_TASK:_ The entries below contain pictures. Write out only the lines from the line with "Cognizin Citicoline: The Brain Choline" up to and including the line with "Authenticated Used Louis", exactly, without them.

_DATA RECORDS:_

········

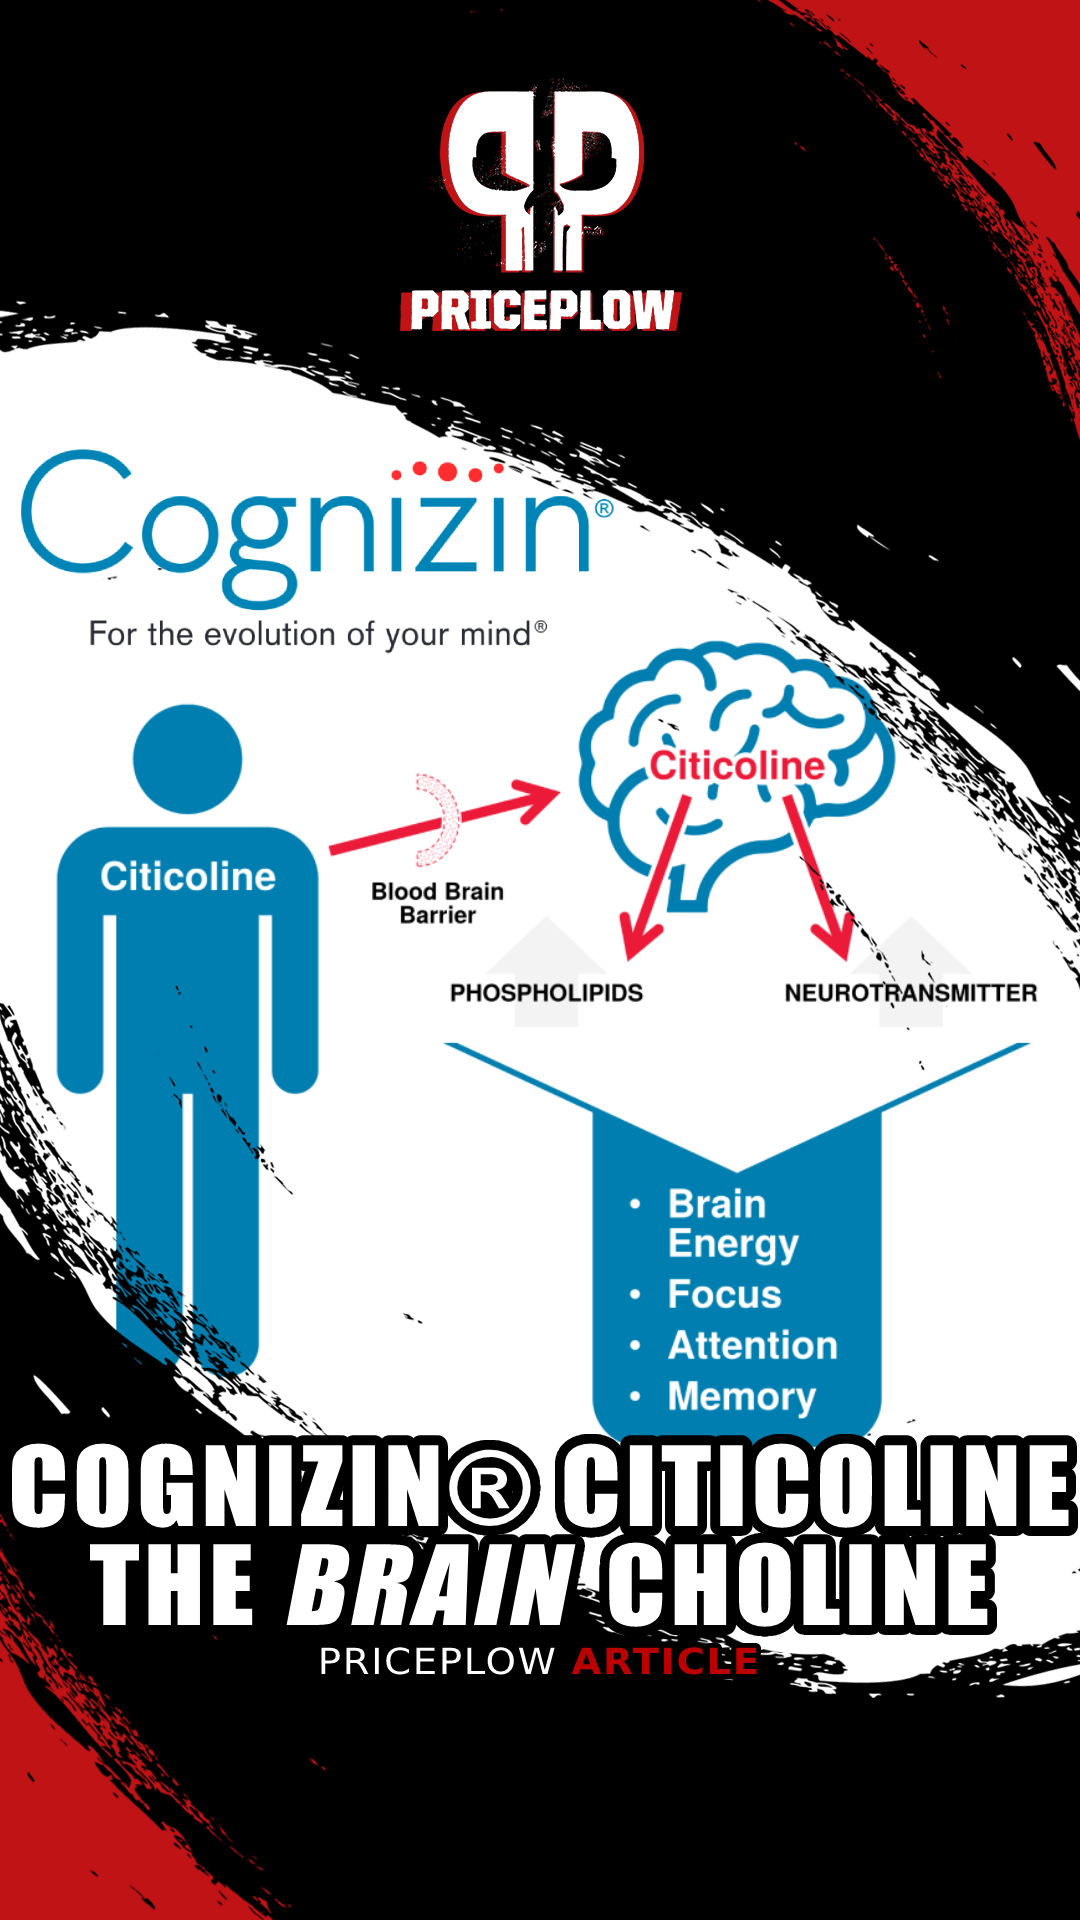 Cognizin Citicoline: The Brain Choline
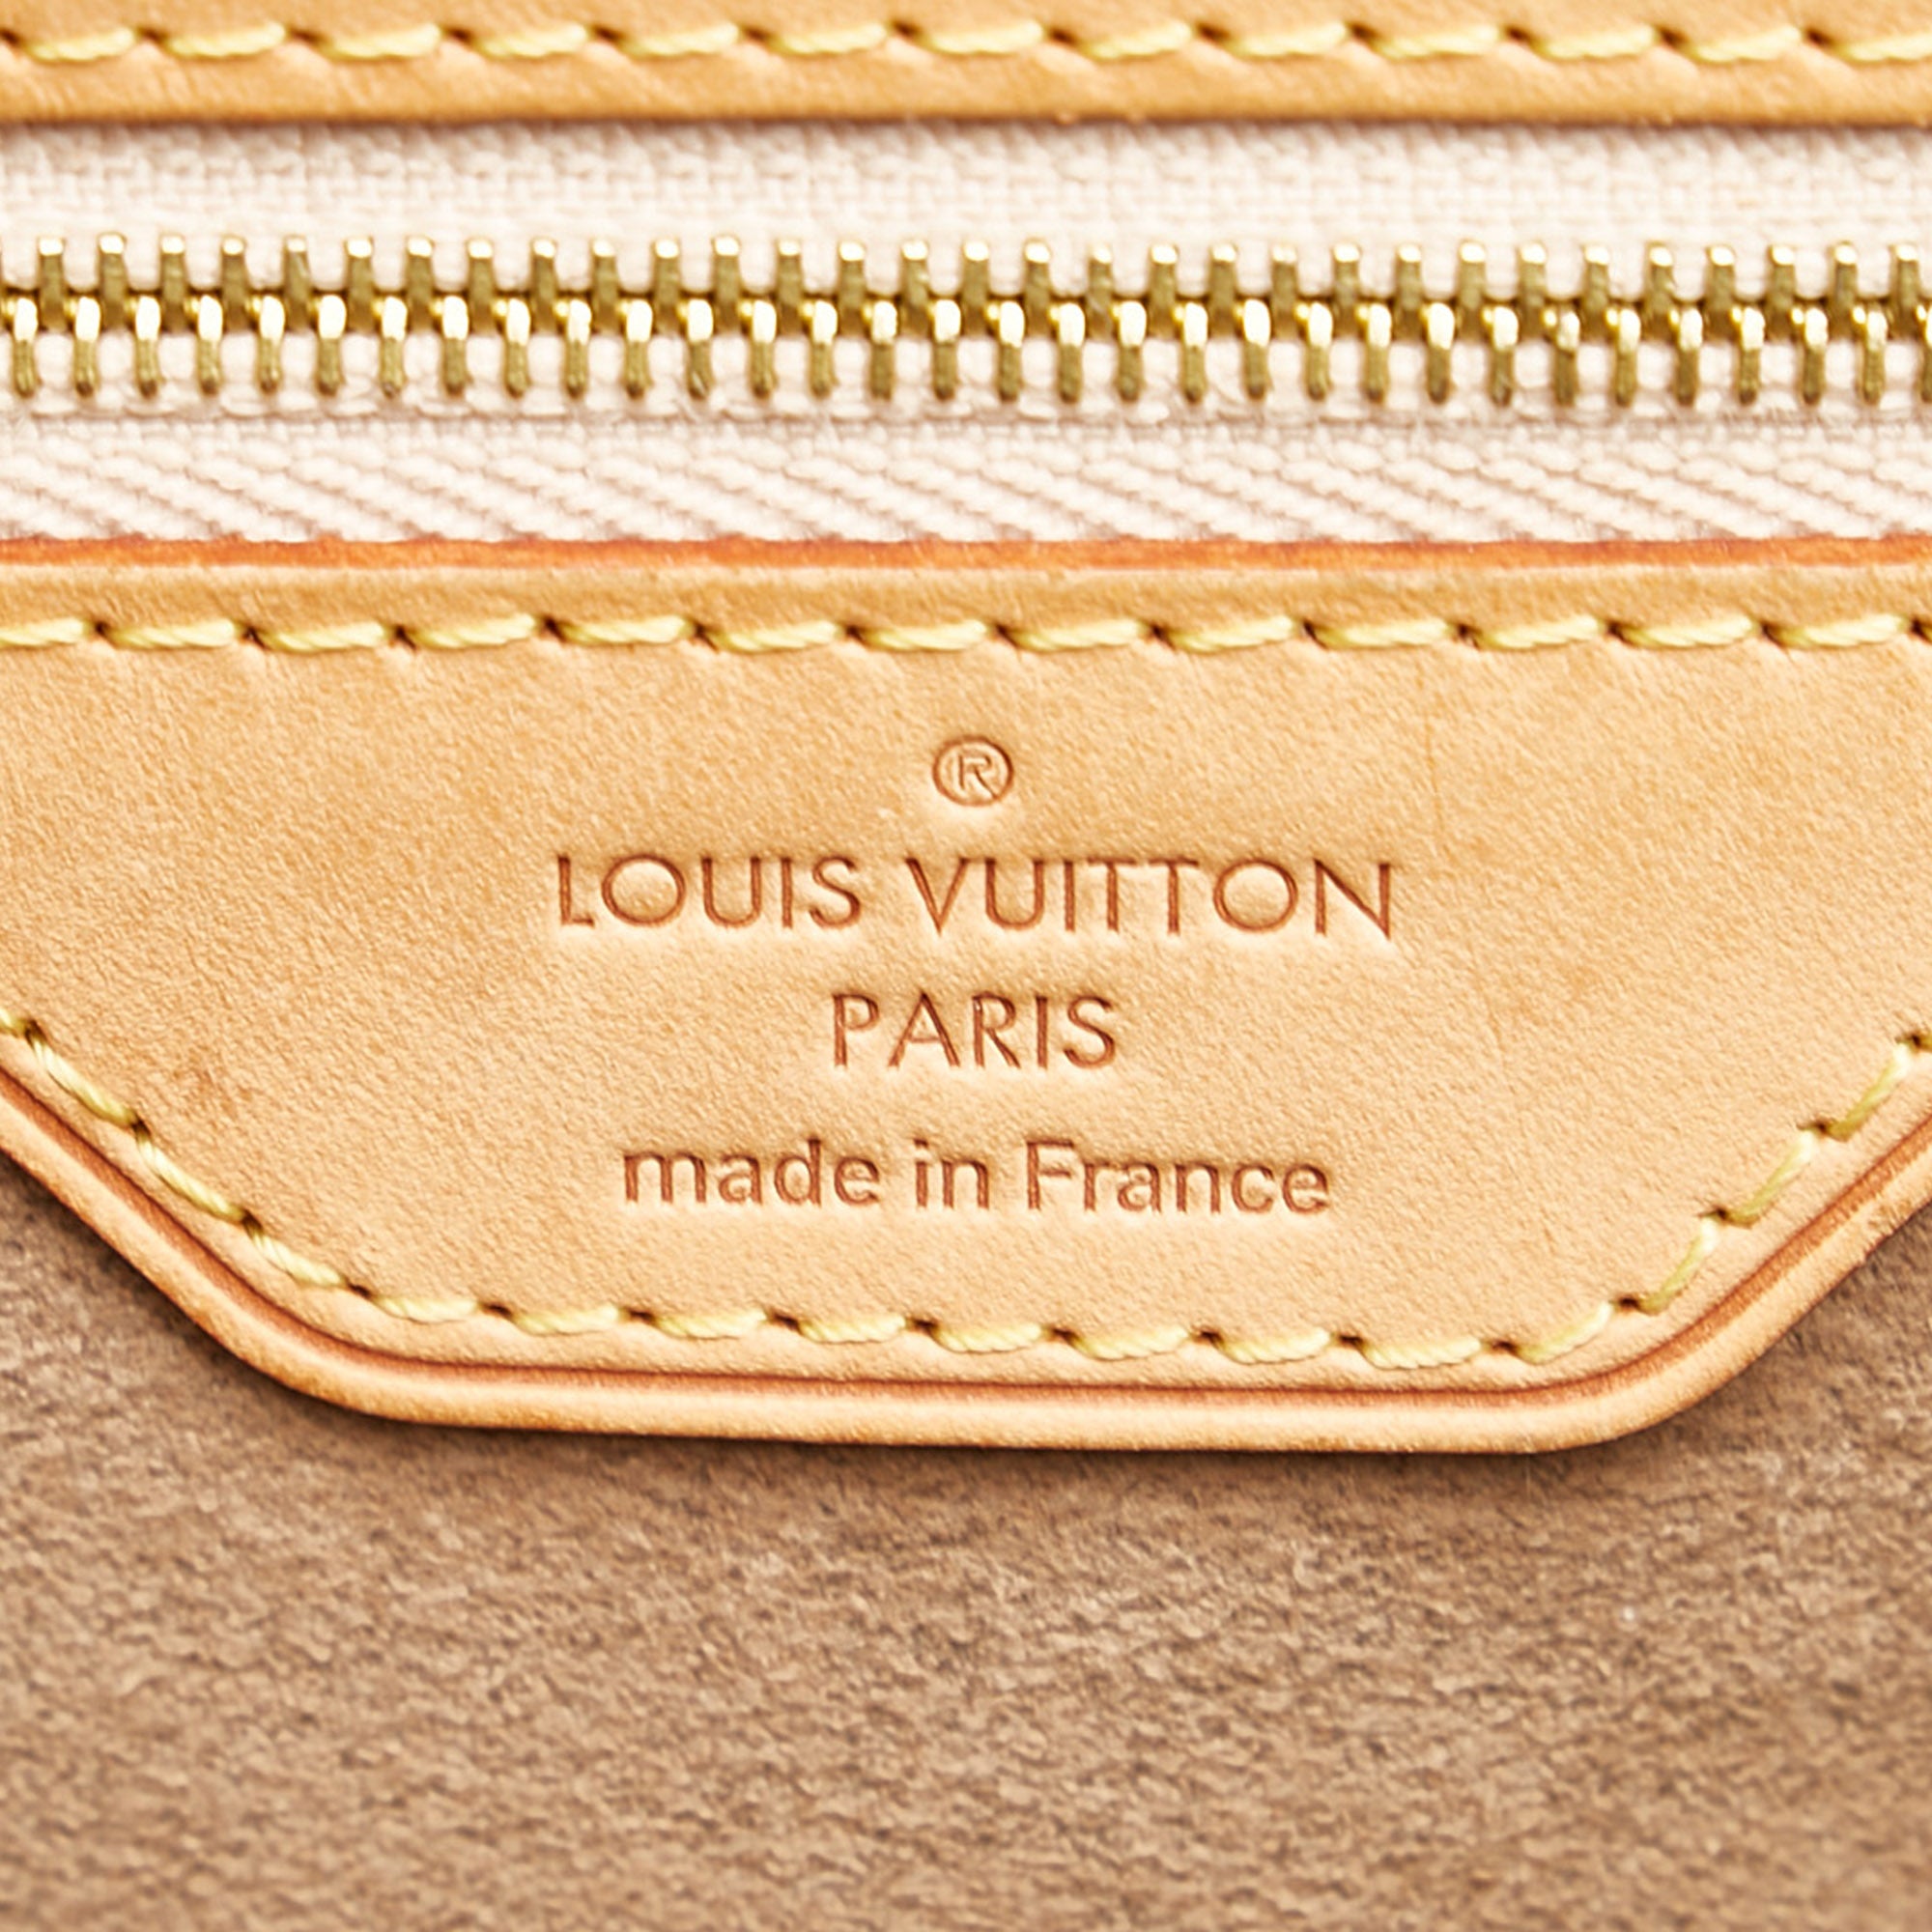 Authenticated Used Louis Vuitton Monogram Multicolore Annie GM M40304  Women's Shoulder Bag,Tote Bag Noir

········

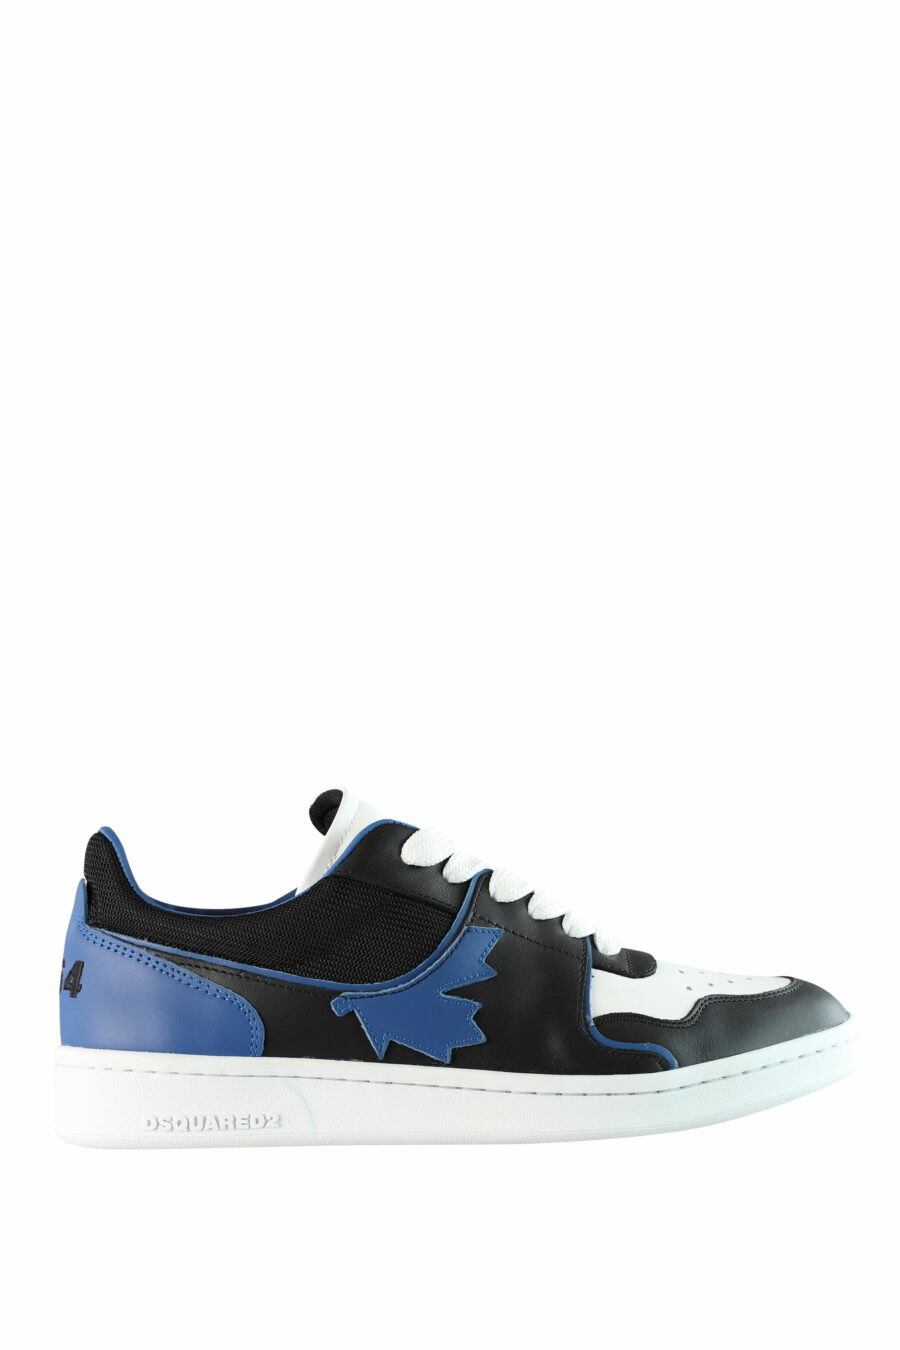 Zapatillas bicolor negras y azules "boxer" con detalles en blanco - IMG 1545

········

_ANSWER TO THE EXERCISE:_
 Cognizin Citicoline: The Brain Choline
 Authenticated Used Louis Vuitton Monogram Multicolore Annie GM M40304  Women's Shoulder Bag,Tote Bag Noir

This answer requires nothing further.